While this is one way we can convert activations into a probability distribution, there are a few problems with it. For example, let's say that in this example where we have 3 classes, our linear activation looked like [1,1,3]. If we applied the method described above, we would end up with [1/5, 1/5, 3/5]. The difference between the 1 and 3 is pretty minor, but since 3 is the largest number it receives the largest probability. Now, consider what would happen if our activations were instead [10, 10, 30]. There is a large difference between a 10 and a 30, and so our network should have near complete confidence that the correct classification is the neuron that holds the 30. However, when we apply the method described above, we end up with [10/50, 10/50, 30/50], which is exactly the same as [1/5, 1/5, 3/5]. Even though the network should have been much more confidence given the significant difference between 10 and 30, it still only associated a 60% probability with the third class.

To fix this, the softmax activation function adds one important step. Before the method I desribed above is applied, the exponentiation function is applied to each activation. Then, these new activations are summed together, and each activation is divided by the resultant sum. 

If that was a little confusing, the best way to see it is through an example. Let's say our activations look like this: [10, 10, 30]. The first step is to exponentiate each activation, which would make our new activations look like this:

$$[e^{10},\: e^{10}, \: e^{30}]$$

Next, we add all of these together, giving us about 1.07 * 10^13. Let's call this number S.

Finally, we will divide each of the exponentiated terms by the sum, giving us: 

$$[\frac{e^{10}}{S},   \frac{e^{10}}{S},   \frac{e^{30}}{S}] = [2.06 * 10^{-9}, 2.06 * 10^{-9}, 0.99999999587]$$

These numbers all add to 1, so they still represent a probability distribution. Also, notice how large the probability is for 30! The softmax function allows us to amplify the differences between linear activations, which fixes the problem we identified above.


## Revisiting an Old Problem

Now, let's walk through one last example to show exactly how softmax would help us avoid problems with the MNIST data, and any other classification-based dataset.

Assume that our linear activations were [100, 100, 100, 100, 150, 100, 100, 100, 100, 100].

If we applied sigmoid to these activations, the resulting array would look like [1, 1, 1, 1, 1, 1, 1, 1, 1, 1]. If we continued forward with this, we would end up having 'nan' errors.

Now, let's apply softmax to this array.
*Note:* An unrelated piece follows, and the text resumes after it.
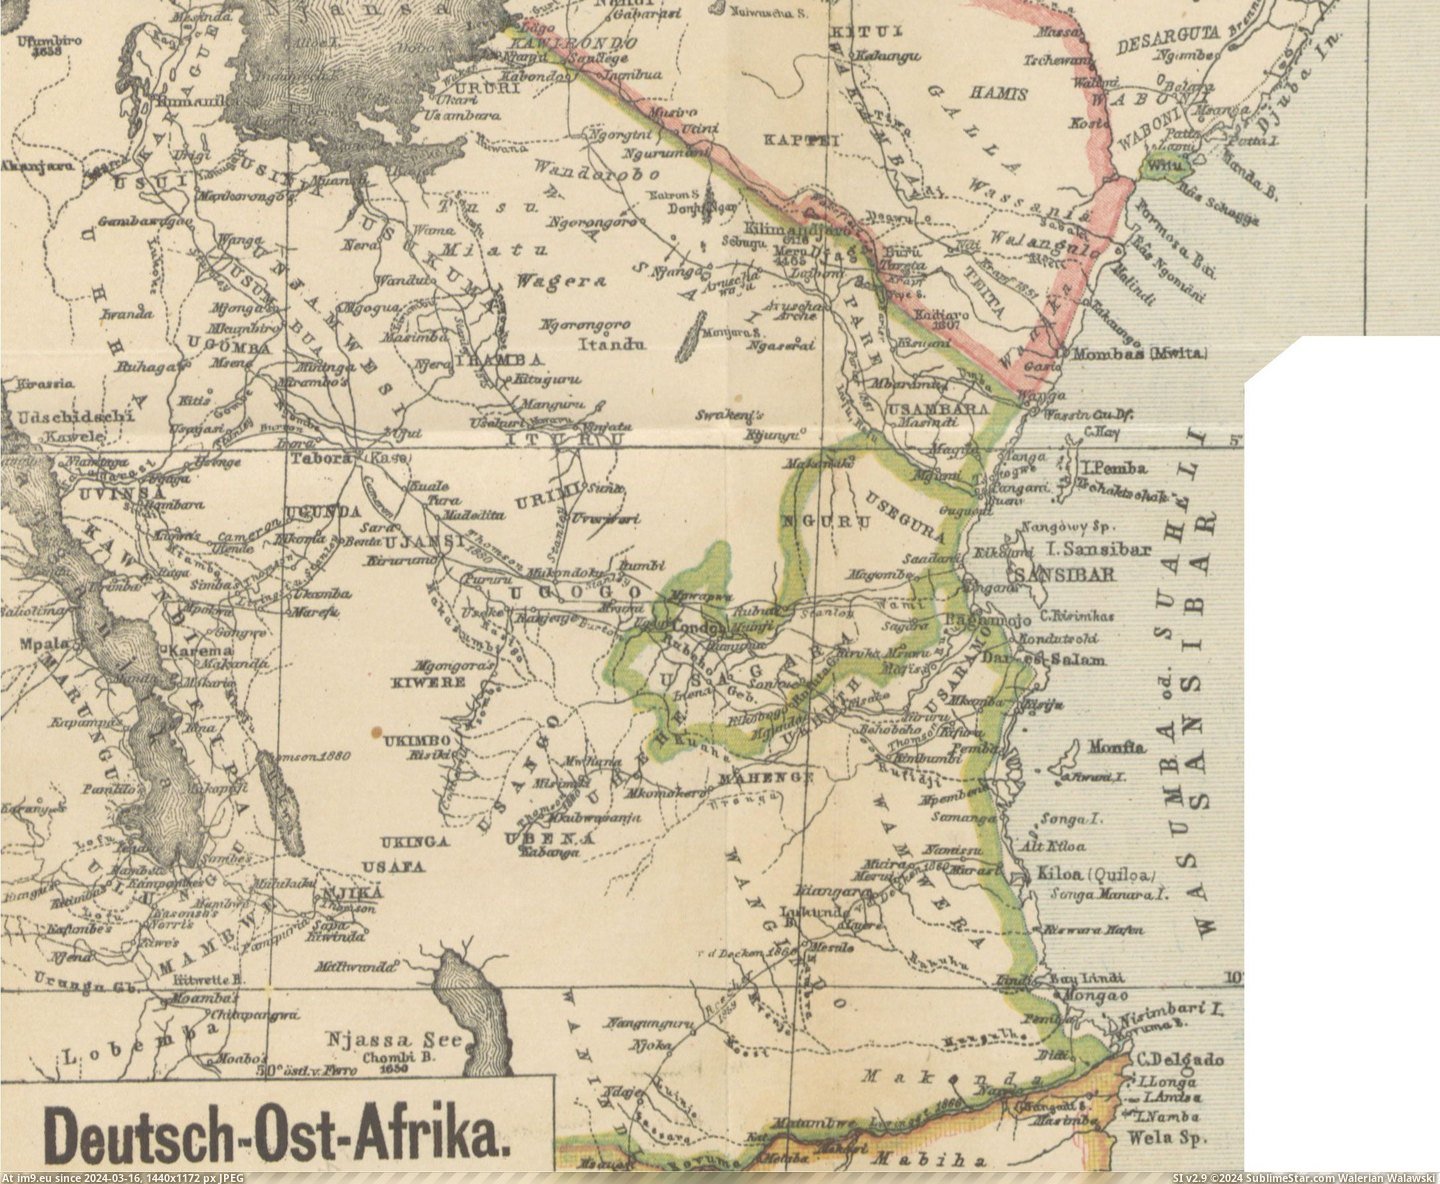 #People #Non #Country #East #Description #Colonies #Germany #Africa #German [Mapporn] German East Africa (Deutsh-Ost-Afrika) from Germany's colonies, Brief description of the country and people of our non Pic. (Image of album My r/MAPS favs))

The result is [1.92874985e-22, 1.92874985e-22, 1.92874985e-22, 1.92874985e-22, 1.00000000e+00, 1.92874985e-22, 1.92874985e-22, 1.92874985e-22, 1.92874985e-22, 1.92874985e-22]

As you can see, every activation came out to be zero (or very close to zero) except for the index holding 150 (the largest number in the activations) which came out to be 1. When we compute the cross-entropy cost for this array, we will not get any errors, and our problems have been solved.

## Summary

#### All softmax is doing is taking all of your linear activations, exponentiating them, and then converting them to probabilities. Below, you can see compact code that does this all in one line.

Also, in order to back-propagate, you will need to calculate the derivative of the softmax function. I have provided the derivative below.

In [2]:
def softmax(x):
    """Compute softmax values for each sets of scores in x."""
    holder = np.zeros(x.shape)
    for i in range(len(x)):
        holder[i] = np.exp(x[i]) / np.sum(np.exp(x[i], axis=0))
        
    return holder

In [10]:
def softmax_prime(x):
    return softmax(x) * (1 - softmax(x))